Не знаю уж, что меня так пришибло, но я еле волочил ноги. Я, казалось,
и думать забыл о предстоящей встрече с женой и весь как-то окаменел. Мне
было трудно дышать, ребра скрипели и двигались медленно, тяжело, будто
заржавели.
Скованный, напряженный, точно в гипсе (только голова свободно
вращается), я шагал по Нескучному саду. Людей было мало, почти никого из
молодежи, лишь пенсионеры, рассевшись поодиночке, стеклянными глазами
смотрели перед собой.
Я прошел по дорожке, усыпанной красным толченым кирпичом, вниз, туда,
где виднелись серое одеяло Москвы-реки и новые светлые здания на
Фрунзенской набережной.
Я шел по тем местам, где мы с ней проходили тысячу и больше раз и
словно видел все впервые.

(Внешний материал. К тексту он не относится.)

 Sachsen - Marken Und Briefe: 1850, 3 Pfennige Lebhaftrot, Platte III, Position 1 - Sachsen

Ровная, плотная, точно ковровый ворс, трава под
деревьями и на лужайках была ослепительно зеленой, как будто ее только что
выкрасили масляной краской. Меж стволов и веток висели похожие на клочья
ваты облака. Спускаясь вниз, я заметил баржу. Она казалась неподвижной, от
нее на воду падала глянцево-черная тень. На смоленом носу баржи цвели
кружевные блики.
Из кафе "Дарьял" вырвался шашлычный запах и повис огромной прозрачной
грушей. Чадный, душный запах шашлыка у меня почему-то очень прочно связан
с гнилостным дыханием морского берега, грязными от бесконечного отрывания
мидий пальцами, крупнокалиберной дробью дождя, порывами холодного ветра и
какой-то удивительной бодростью во всем теле.

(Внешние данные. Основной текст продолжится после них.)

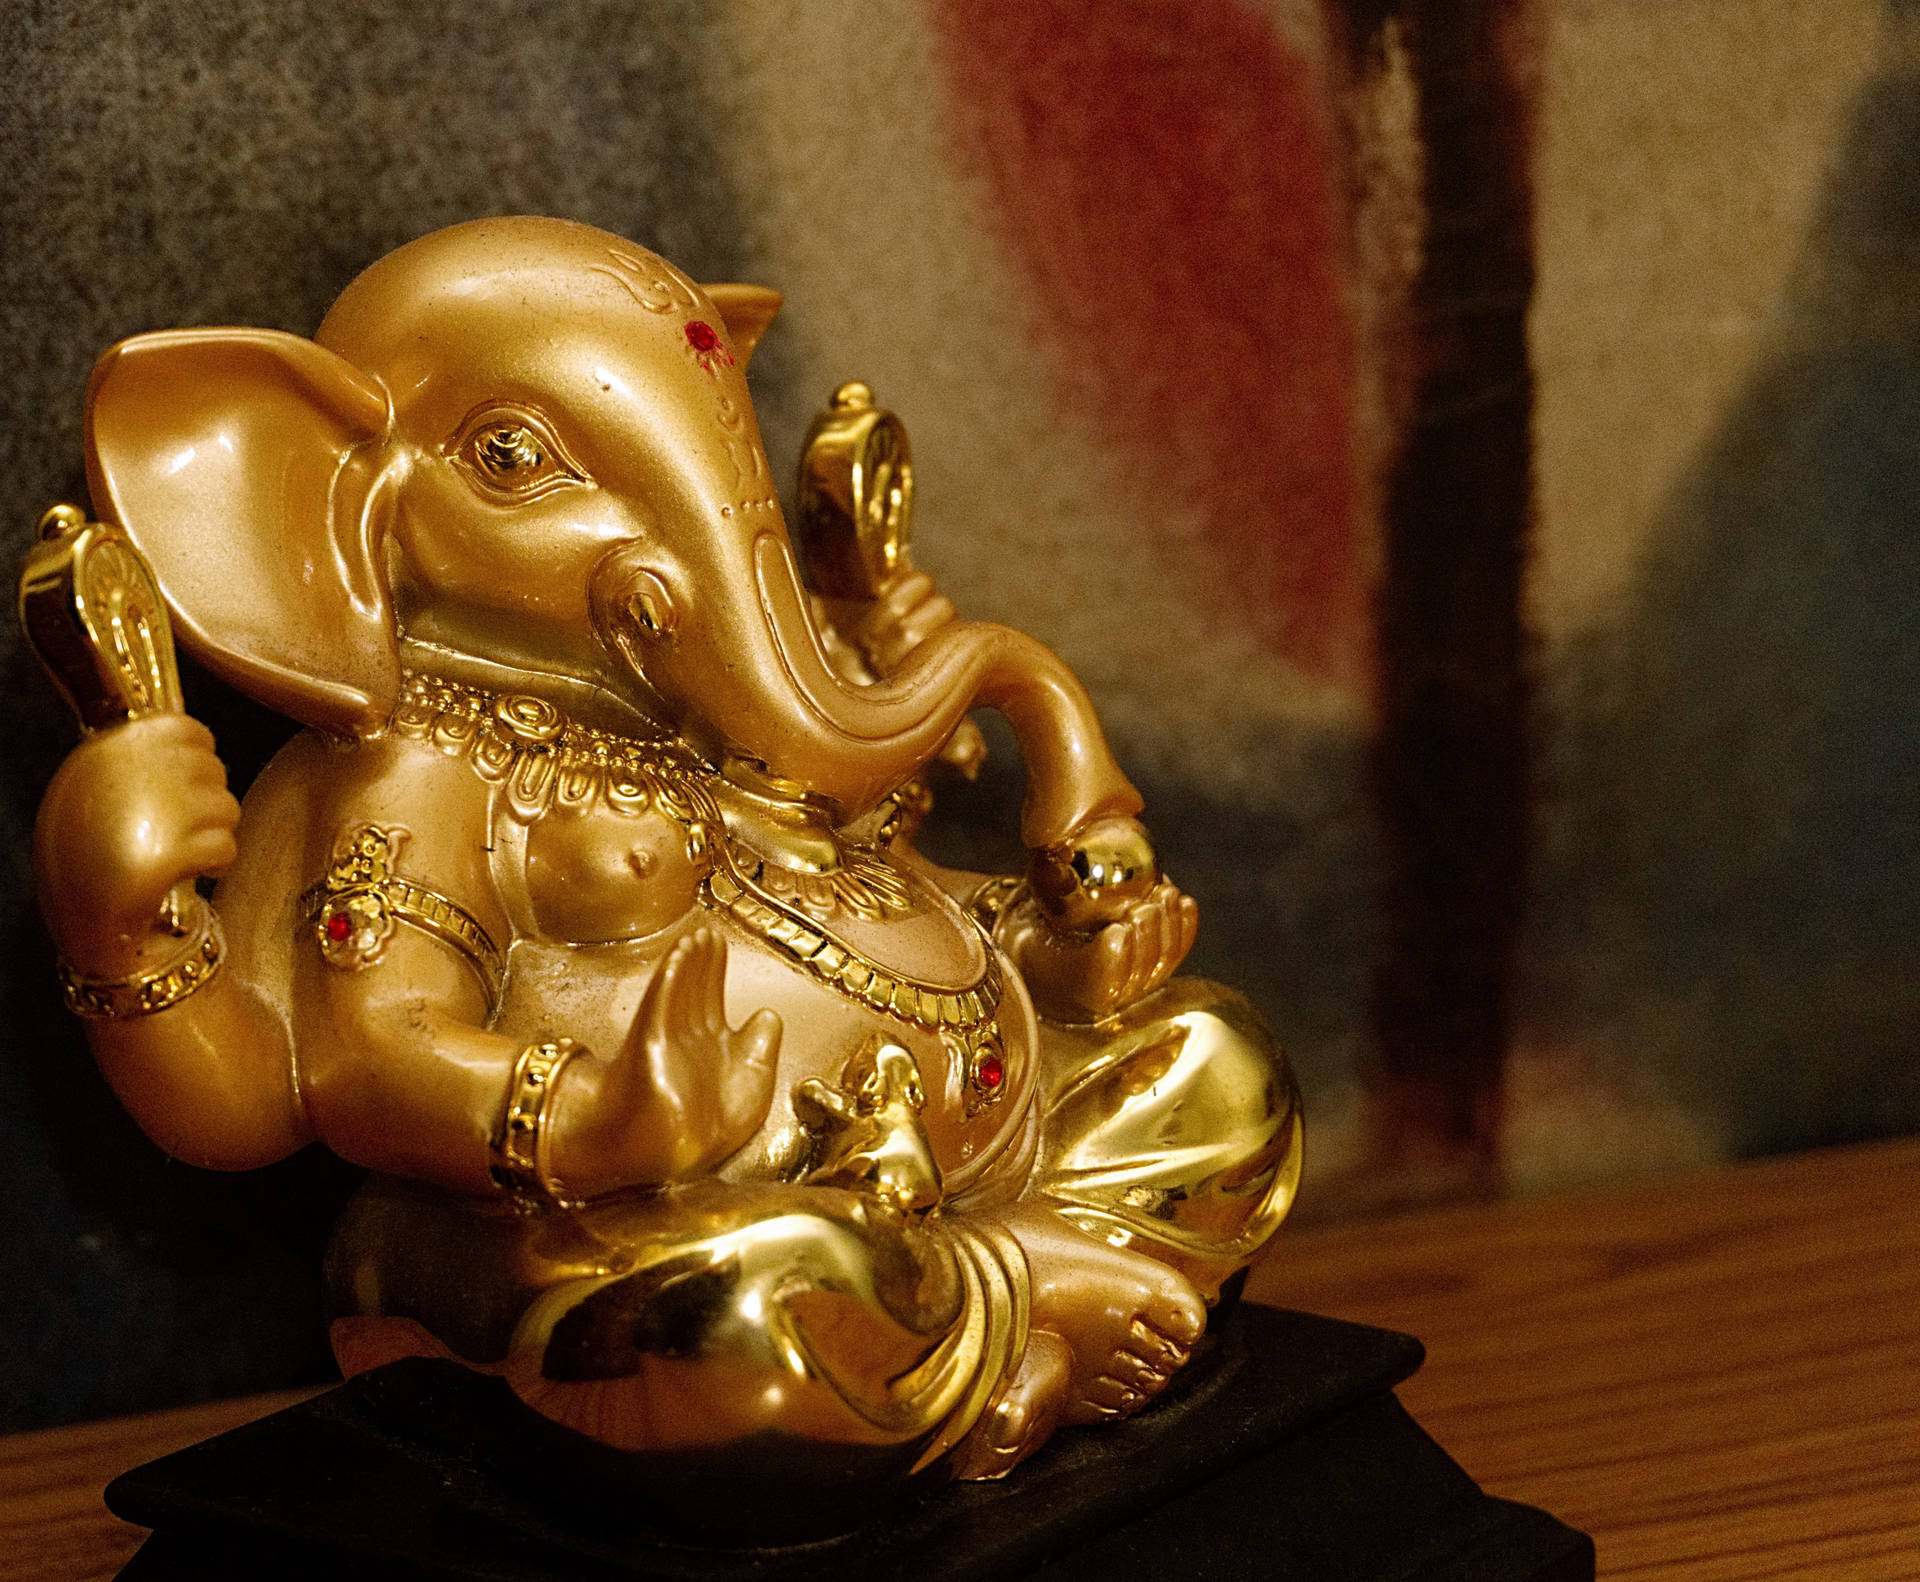 Figurinain Oro Di Ganesh In Alta Definizione Full Hd. Sfondo

В Зеленом театре вечером должен был демонстрироваться итальянский
фильм. У кондитерского киоска собрались женщины, на скамейке у пруда я
заметил двух отличных девушек, лебеди были похожи на плохо выкормленных
гусей, а утки казались неживыми, они застыли на воде, как чучела.
Ресторан "Кавказский" напоминал колхозную кузницу. Он дымился, как
паровой котел перед взрывом. У его входа уже собралась небольшая толпа,
которая оживленно комментировала поведение тех, кто сидел за столиками:
- Эти вторую бутылку заказывают. Долго просидят.